Barry Gifford has been called a master of the dark side of American reality. He is the author of more than forty works of fiction, nonfiction, and poetry, including Wild at Heart, adapted in film by director David Lynch; Imagining Paradise: New and Selected Poems; Roy’s World, also the title of the documentary film about Gifford; The Boy Who Ran Away to Sea (2022); Writers (expanded ed., 2023); and Ghost Years (2024). In 2006 he was awarded the Christopher Isherwood Foundation Prize for Fiction.

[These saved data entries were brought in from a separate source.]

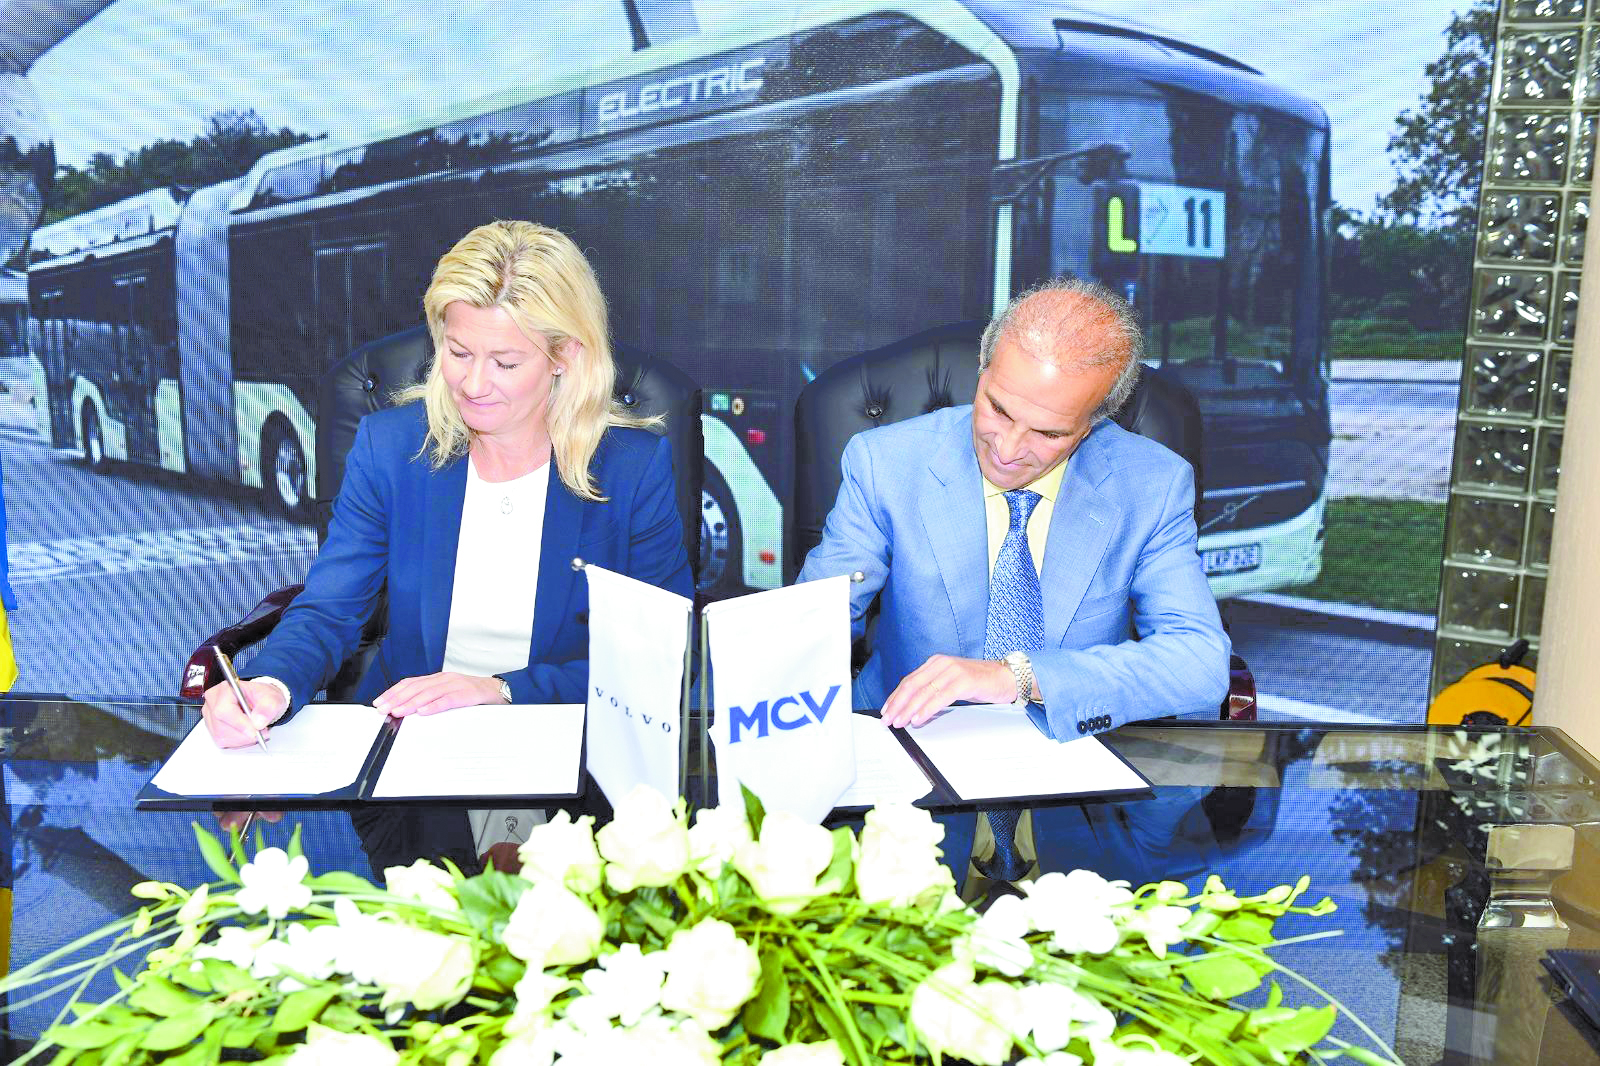 شركة MCV و Volvo العالمية: تصنيع الأتوبيسات الكهربائية فى مصر وتصديرها للسوق الأوروبية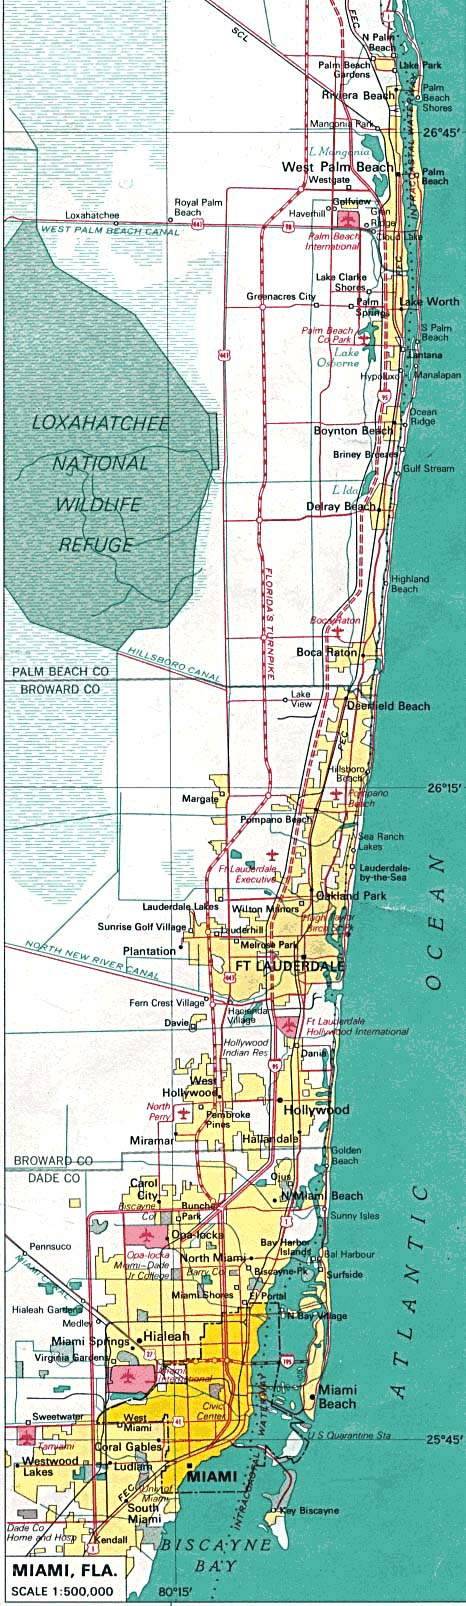 mapa de la ciudad de miami, florida, estados unidos - mapa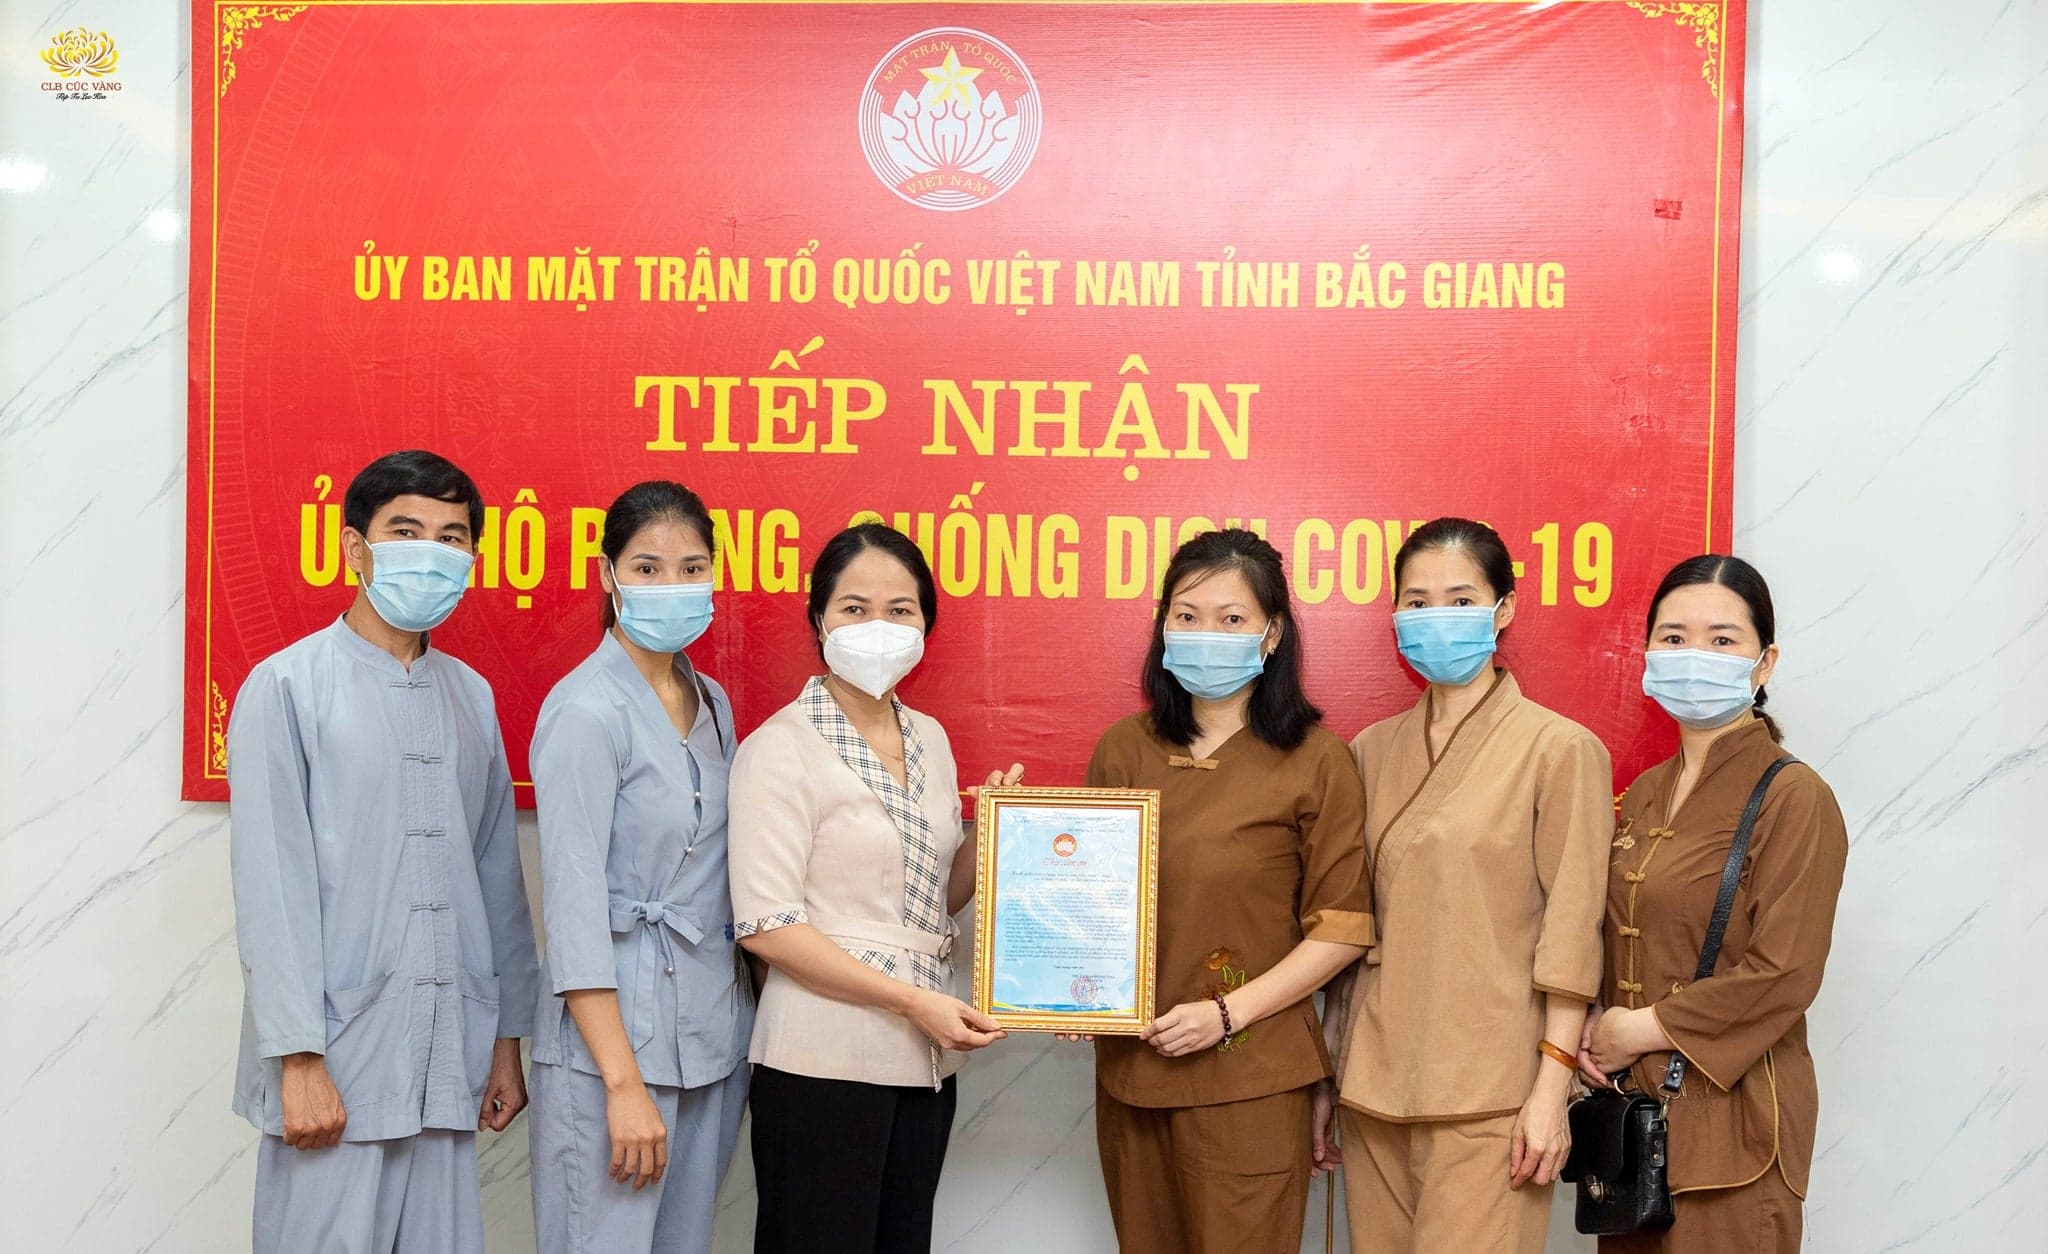 Hướng về Bắc Giang - CLB Cúc Vàng ủng hộ năm trăm triệu đồng cho công tác phòng, chống dịch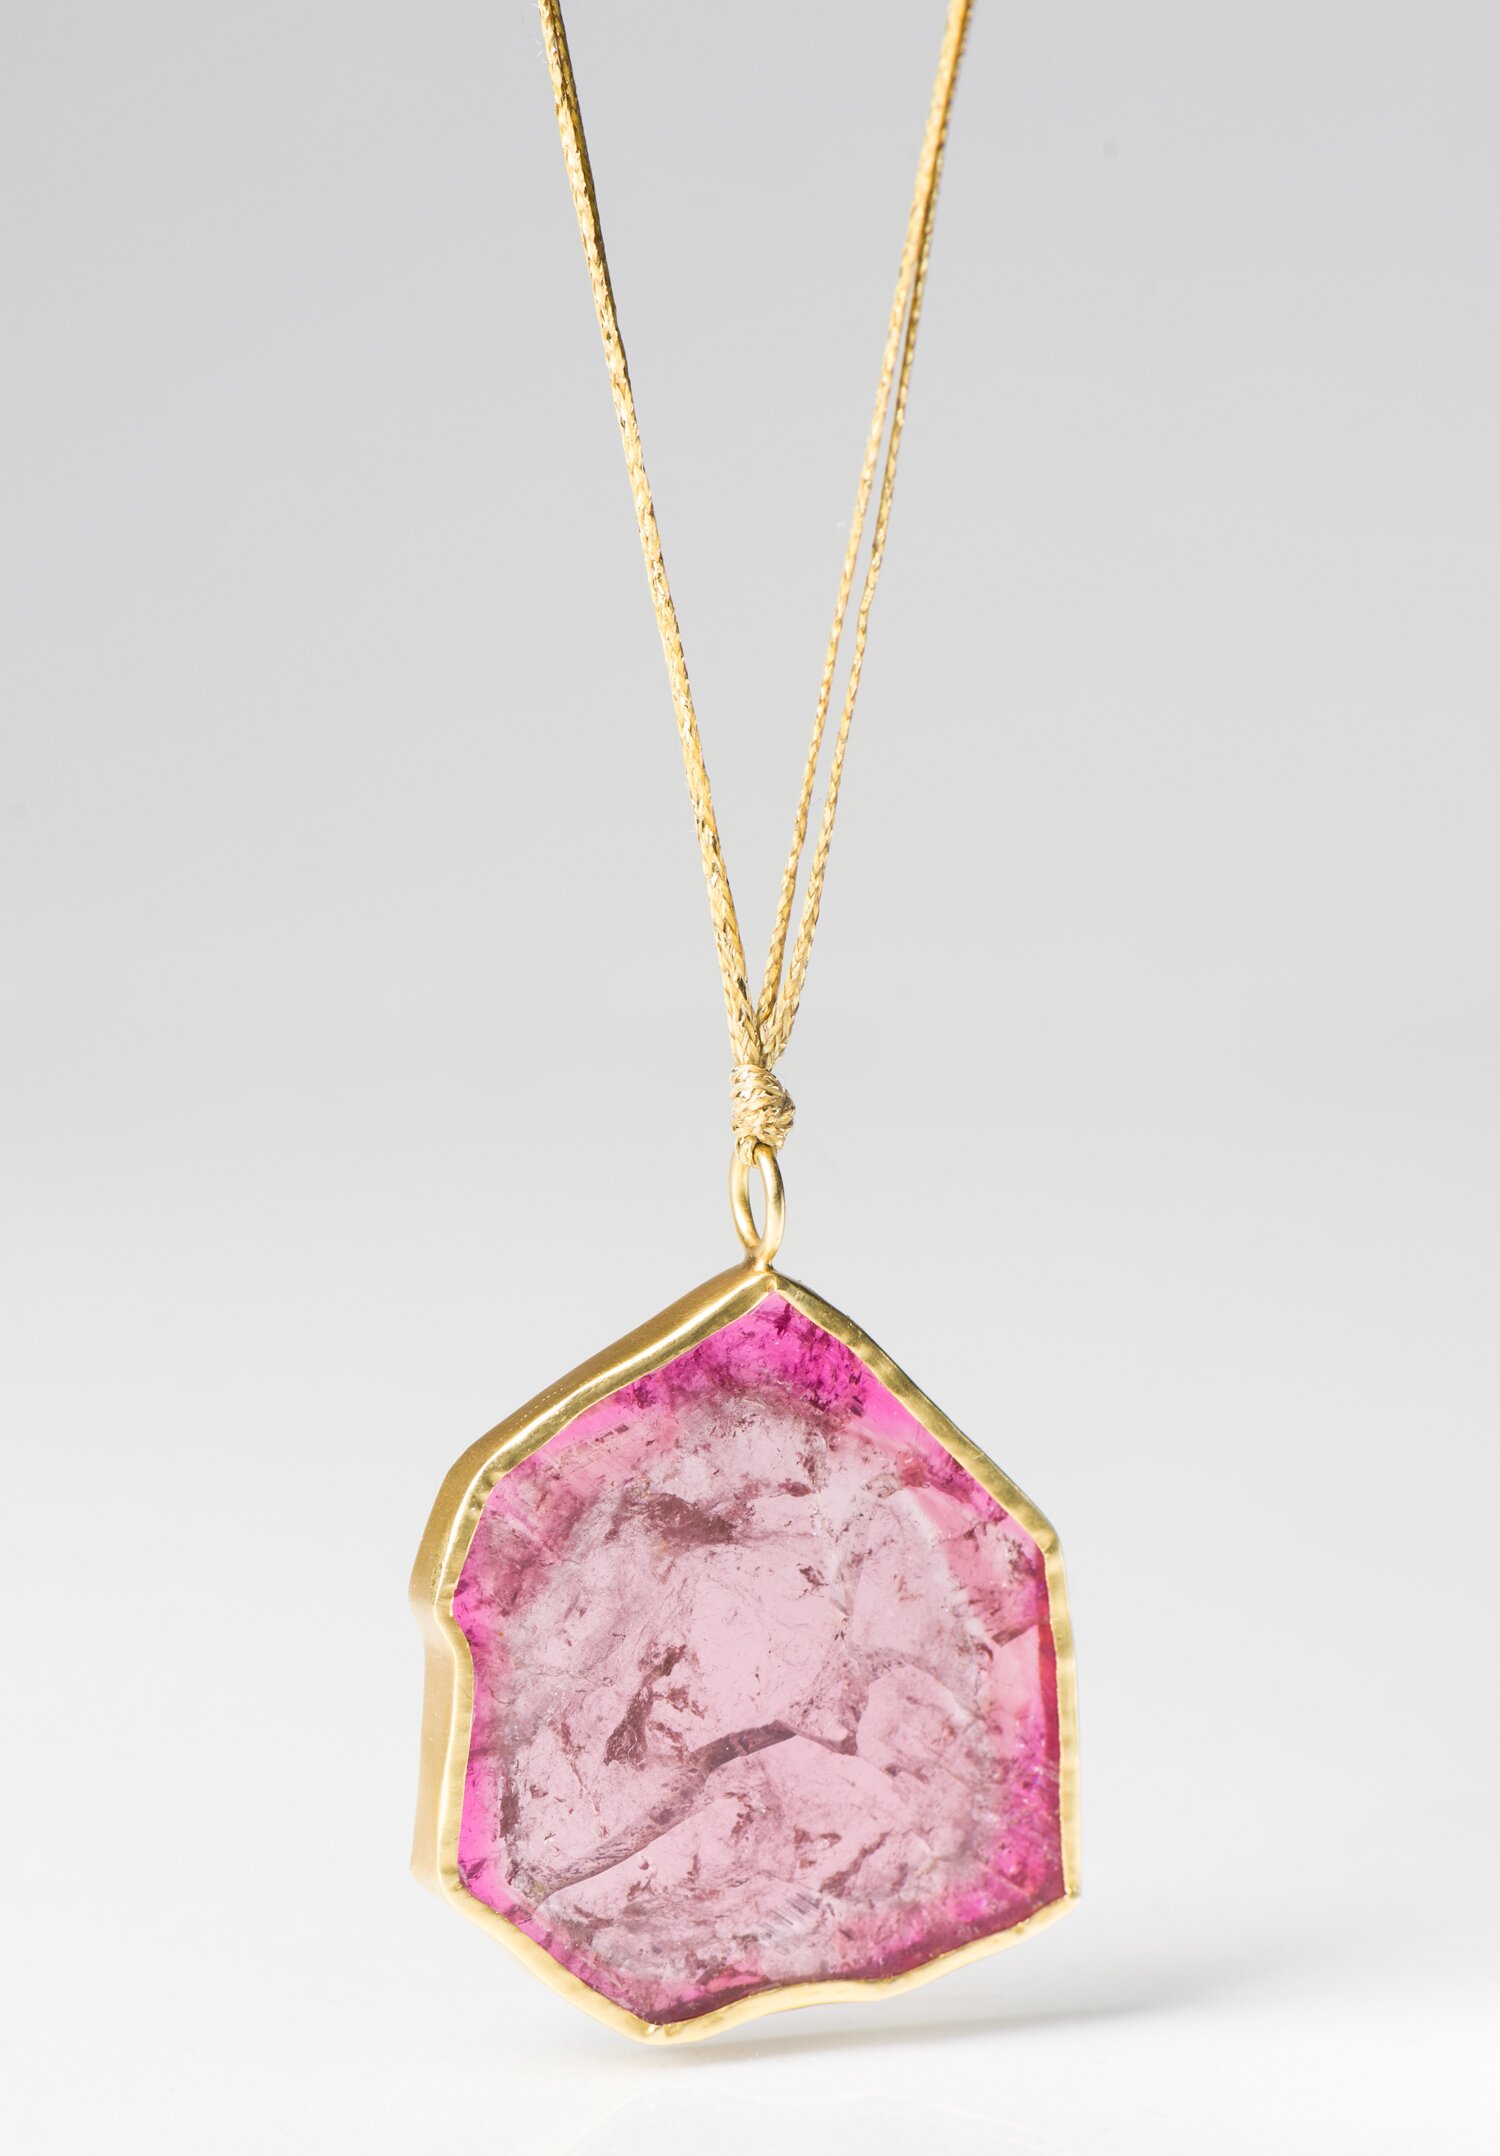 Pink tourmaline pendant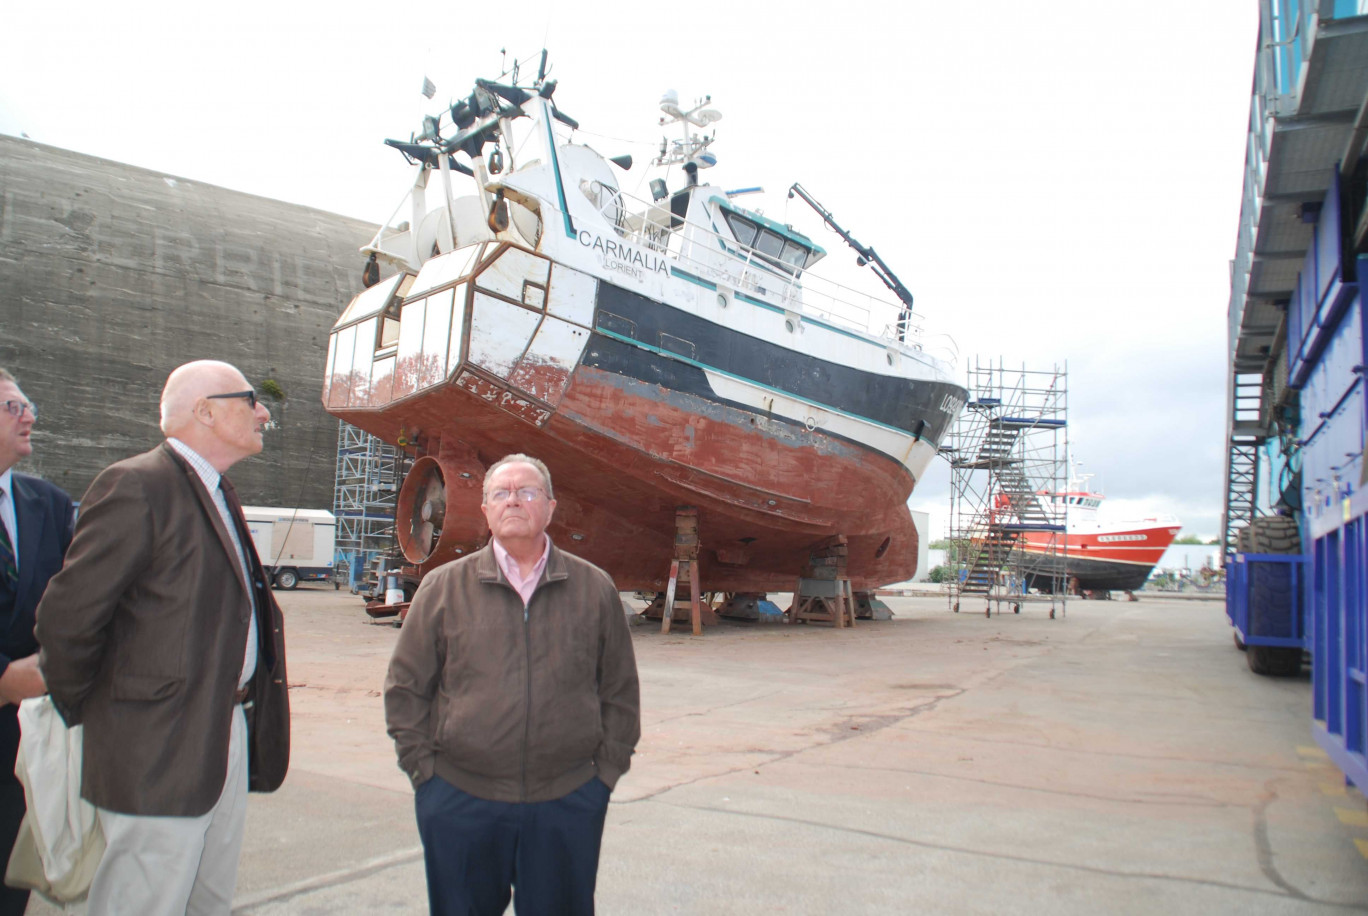 Le président de la Communauté d'agglomération du Boulonnais Jean-Loup Lesaffre et le 1er vice-président Claude Allan, sur l'aire de réparation navale de Lorient.

Photograph by Tiago Russo Pinto.

The Age of Fable

A Short Short Story

by Barry Gifford

Roy read a story about a tribe of female warriors who interrupted the conflict between the Greeks and the Trojans in their quest for males to assist in the propagation of their race. These women called themselves Amazons and were led by Penthesilea, who, as had the rest of the tribe, severed her right breast in order to more swiftly and easily draw back her bow. The most exciting part of the story, Roy thought, was the Amazon queen’s confrontation with the champion of the Greeks, Achilles, whose ferocity in battle attracted Penthesilea as no man ever had. For the first time she encountered a man she could consider her equal.

The idea of a tribe of brave, vicious, single-breasted women was almost beyond the comprehension of Roy’s eleven-year-old mind. He drew pictures of the Amazons as he imagined them, naked, tall, and lean, their long hair tied back with leather thongs.